15:13 If mics hear perfectly, while our human hearing drops off, the sound seems harsh, or brittle. So early digital sound on compact disks, CDs, was too bright. The secret to making notes sound as warm as human hearing was to use deficient tube mics and to sample faster, so you got more information from those defective tube mics. Instead of sampling 44,000 times a second, the way CD sound does, you could now sample three million times a second. It’s like a RAW file for a photograph, where you capture so much light on your memory card that you can change the camera settings for a photograph even after you’ve taken it.
15:47 Suddenly there was so much information from a note that you could shape it any way you wanted, weeks after the musician had left the studio. The problem was that only hard drives and computers could hold that much information. You needed to hear music directly from the computers. Ironically, sound has come a long way, and a decent pair of headphones plugged into an Apple computer already produces an incredible sound.
16:25 During this time when all of our concerts are in the home, Cathy and I hope with Monte and with everyone at Tippet Rise that you can add on headphones and maybe converters to have the kind of sound experience that I’ve spent most of my life trying to produce.
RESOLUTION:
16:44 To many people, a note is a note, is a note. But there are footnotes. There are overtones and undertones, the heaven and hell of music, the music of the spheres which isn’t heard but which ties the universe together with frequencies.

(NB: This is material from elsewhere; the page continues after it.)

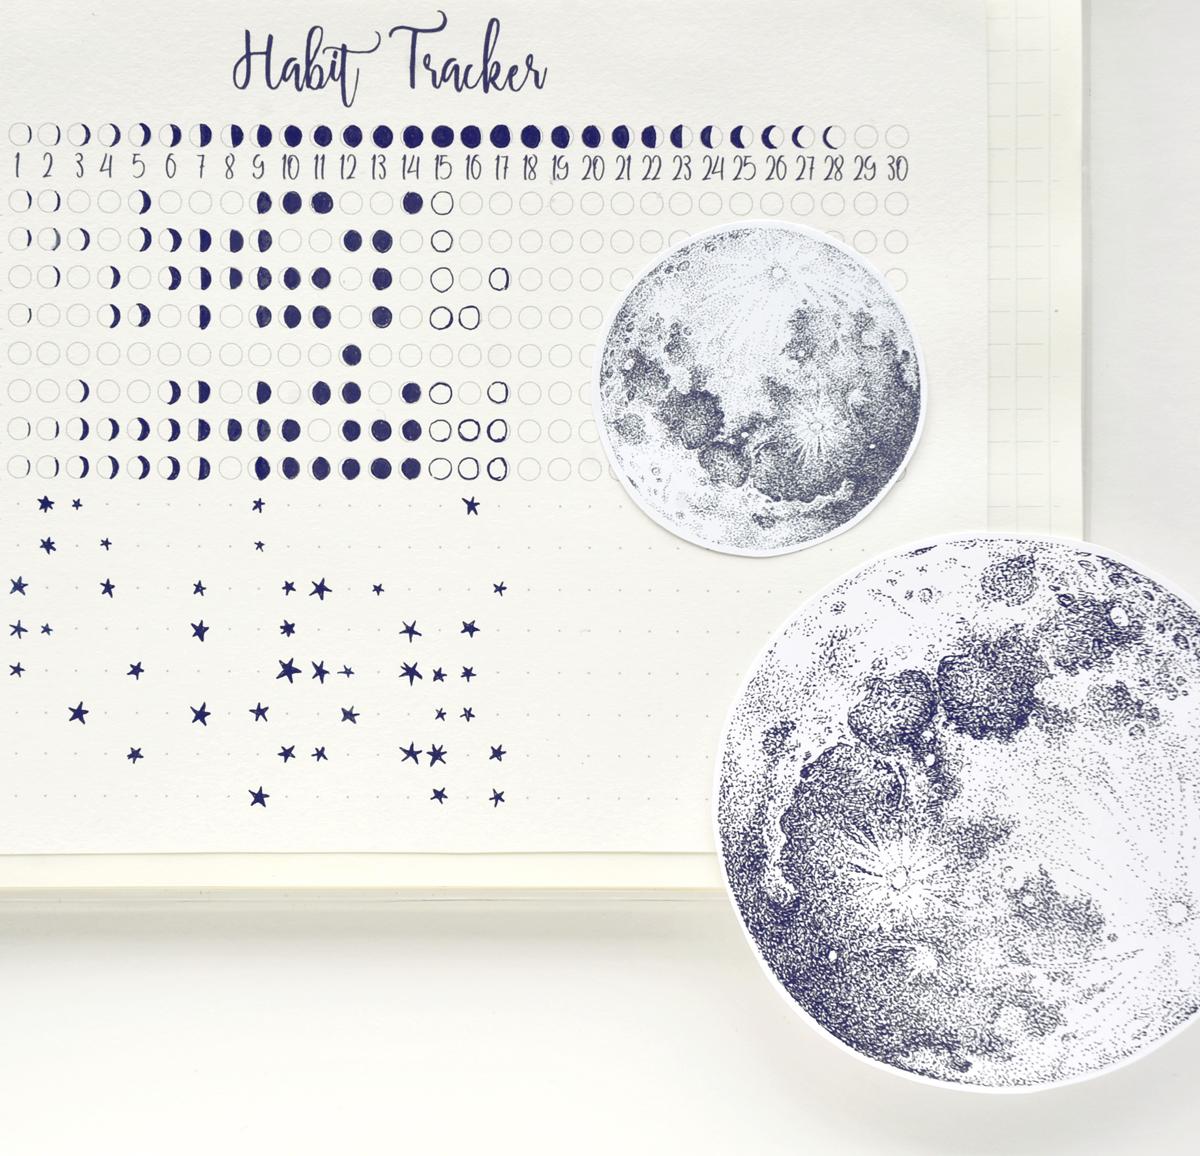 lunar-phases-habittracker-bujo.png

17:08 It’s the way life swirls around a sentence like fog around a lamp. When I was in London in the 1960s, the pollution had been cleaned up just a few years before, but there were still atmospheric mists and the smell of diesel everywhere, which to me was the smell of Shakespeare, of theater, of recordings by Richard Burton and Laurence Olivier which you could only get in London at the time.
17:38 In Nepal, there’s the smell of burning wood everywhere: the smell of life without electricity, of camping in high meadows, of mountains, of adventure.
17:48 It’s the pollution surrounding the mountains, the theaters in London, which adds in a lot of the character, the way the overtones we can’t hear make music sound better.
18:03 With higher resolutions the notes sound almost the same, but the space around them carries the indefinable nuances of the mood, which bleed into the notes. It’s like adding adjectives to a sentence that only had nouns. The sense is the same, but the mood has changed imperceptibly.
18:32 In a way, modern literature was started by Goethe with his novel, Elective Affinities, where he removed all the adjectives and kept only the facts. That created a kind of minimalism which you find in Marguerite Duras, in many of the more trendy novels of our time. In fact, it might be good to add back in the enormous scope of Prust.
19:04 Algorithms that reproduce sounds translate them into something sanitized, when really sounds, like lives, are big and messy. So digital bandwidth is shorthand for the vast unspeakable Wonderland of our lives, the bioluminescence of the surf in Vieques or the San Juans, the fireflies of the sea, the glow that surrounds not only waves but notes, the Northern Lights that flesh out the hidden structure of the sky.